DATA EXTRACT
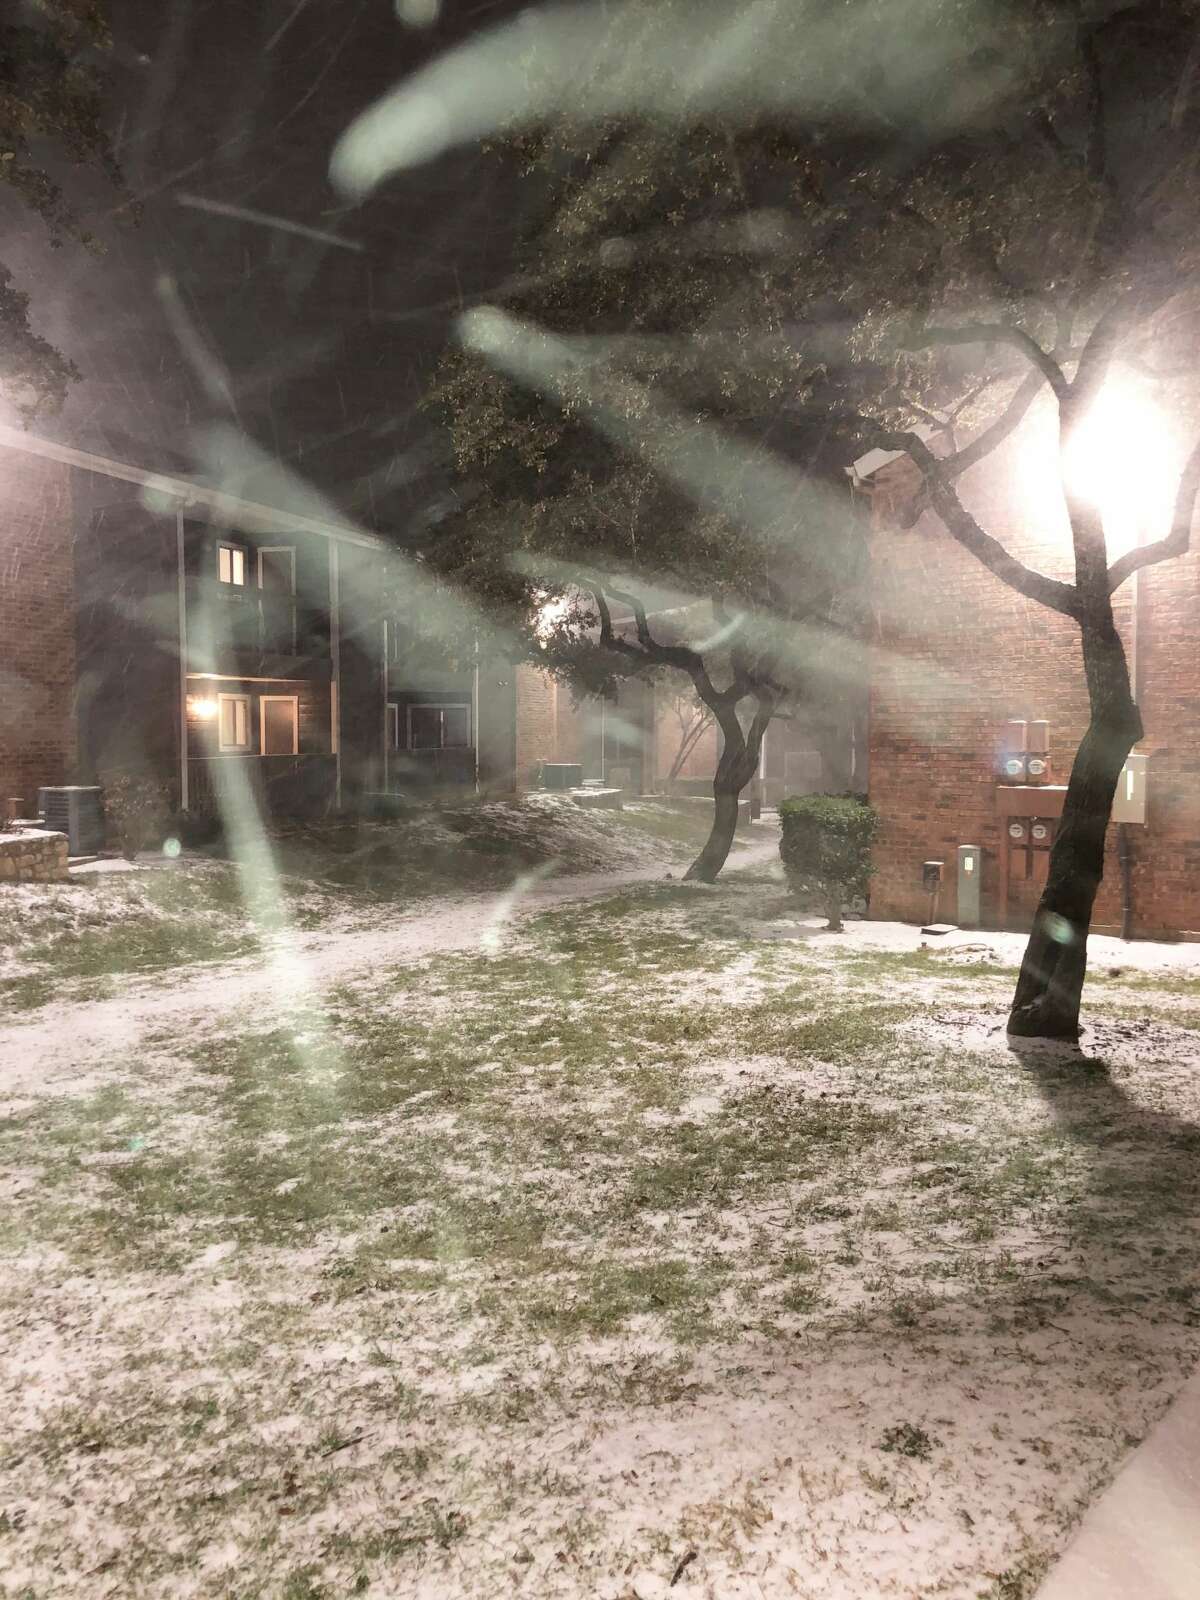 Snow falls at a North Side San Antonio apartment complex Sunday night, Feb. 14, 2021.
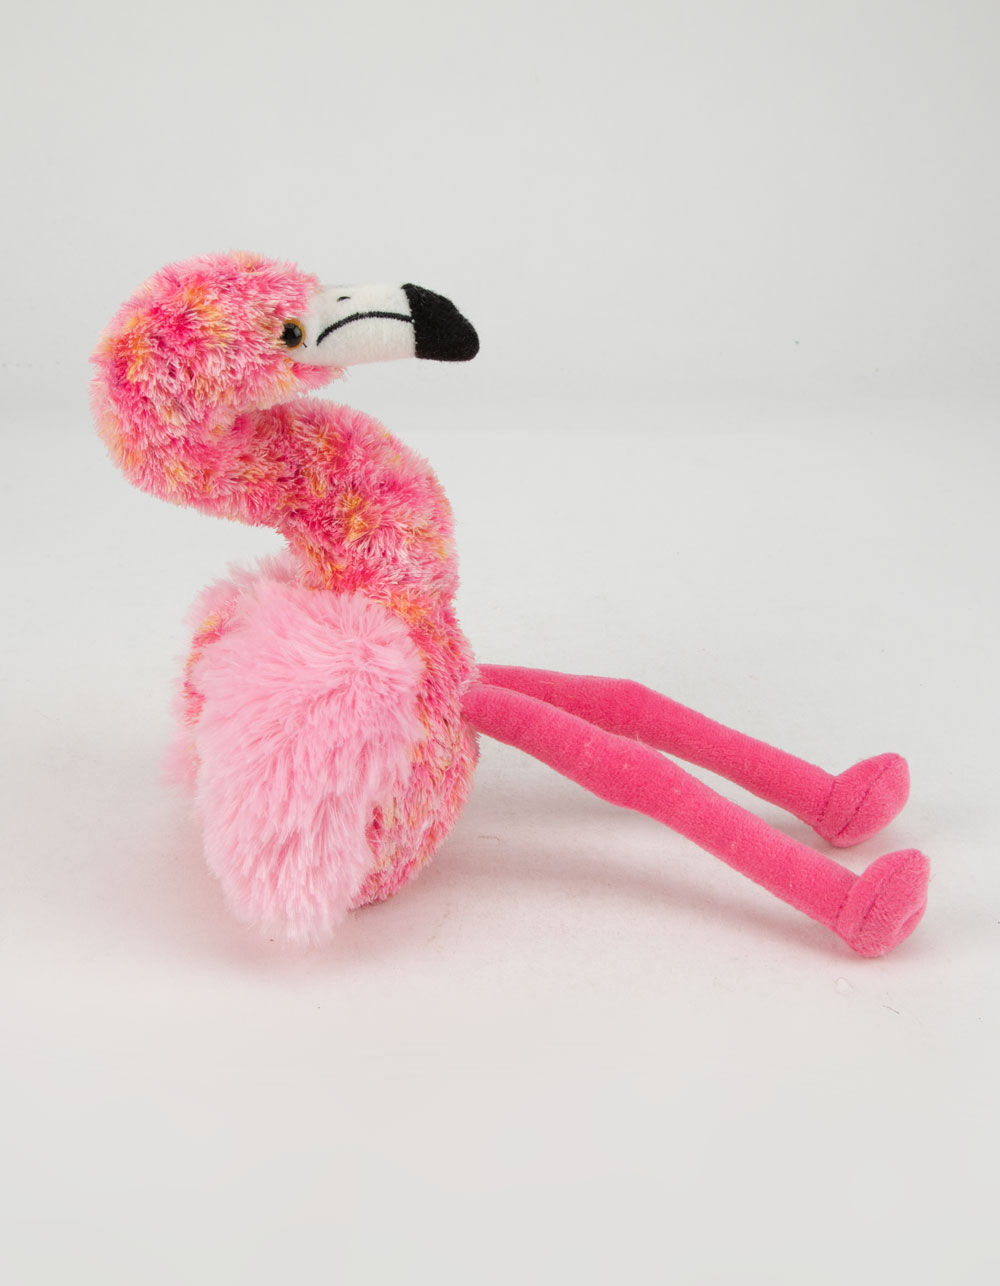 6” Flavia the Flamingo Aurora Brand Plush Stuffed Animal
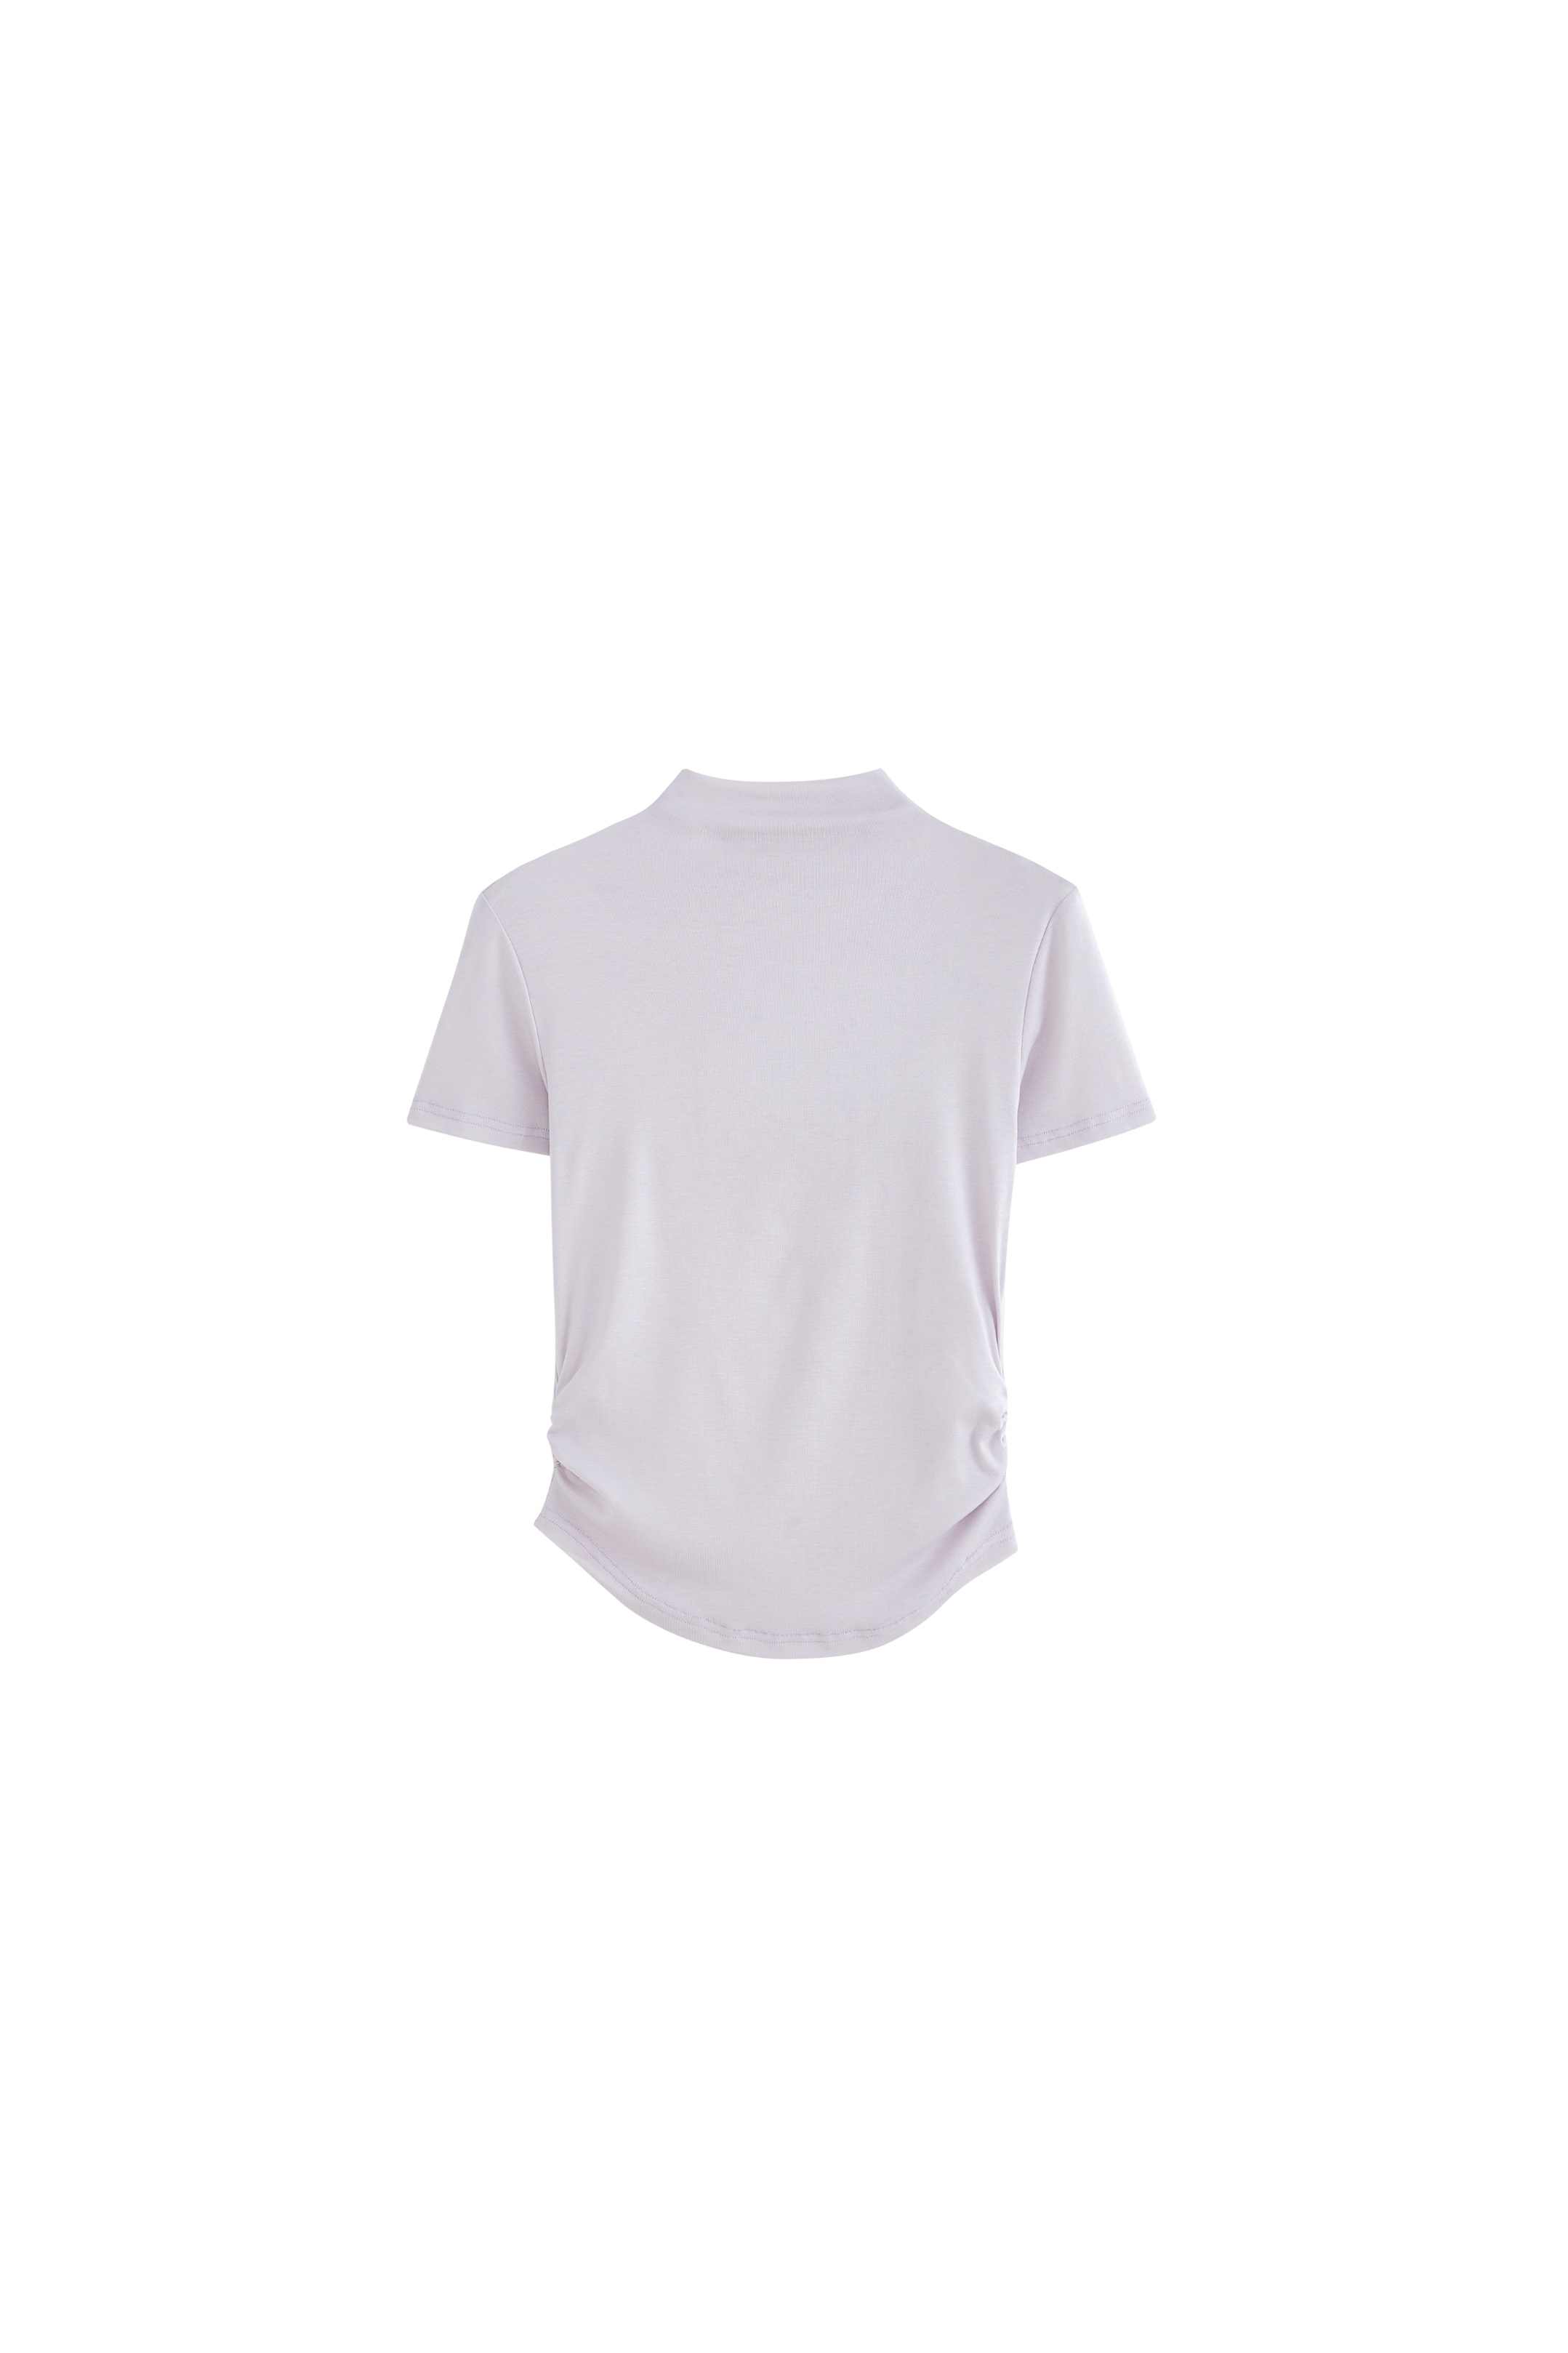 SIDE GATHERED SOFT T-SHIRT / サイドギャザーソフトTシャツ

ASSIGNMENT
Please produce an exact copy of the listing, omitting the pictures.

FINAL ANSWER
 Snow falls at a North Side San Antonio apartment complex Sunday night, Feb. 14, 2021.
 6” Flavia the Flamingo Aurora Brand Plush Stuffed Animal
 SIDE GATHERED SOFT T-SHIRT / サイドギャザーソフトTシャツ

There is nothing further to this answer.